The Bushes know that a second war against Iraq will not receive the approval of the Security Council. But a diminished role for the UN is undoubtedly part of the plan. The consequent violation of the UN Charter, which forbids the unauthorised use of force except in situations of self-defence, will not be condemned by the Council because the US will cast (or threaten to cast) its veto. Condemnations from individual countries will be dismissed as statements that merely conceal – but do not deny – a growing acceptance that American power defines the new world order.
In the face of a greatly emboldened and aggressive United States, the policy approaches adopted by middle powers such as the UK become more important. One option would be to demur to the Bush Administration on Iraq, missile defence, the Kyoto Protocol and other critical issues.
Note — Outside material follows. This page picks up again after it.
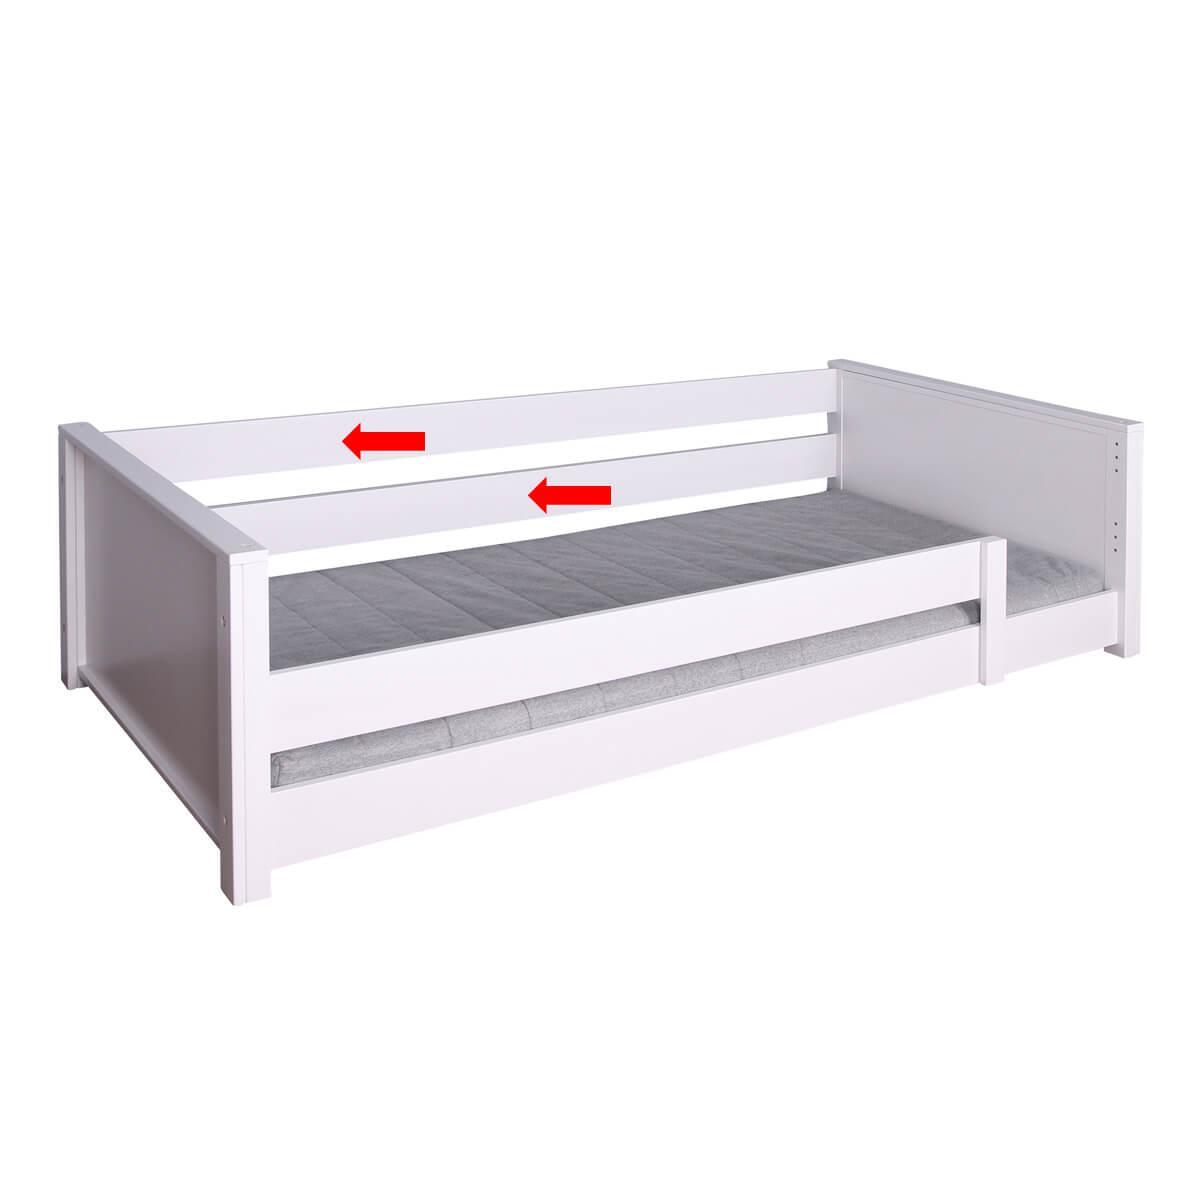 Paket-Rahmenzarge 200 1stk KASVA Debreuyn Buche massiv weiß-lackiert

This might work in the short term: avoiding arguments with the single superpower is a sensible goal. But the risks associated with acquiescence would also be considerable, given the willingness of Republican decision-makers to exploit power and opportunity against even those who consider themselves friends and – more important – given the long-term damage to the international system that would most probably result. Another, more attractive but challenging option, would be to stand somewhat apart from the US and focus on retaining the co-operative system of international organisations and rules that exists between and among other countries. Russia and China, in particular, need to be assured that the upcoming surge of US hostility towards them is only a temporary aberration not shared by other Western powers.
Patience – and cool heads – are required on all sides, especially when, as in Iraq things get personal. In two years’ time, the Republicans will probably lose control of the Senate and House of Representatives, and with it their ability to dominate decision-making in Washington. With luck, in four years’ time the American people will once again send the Bushes packing.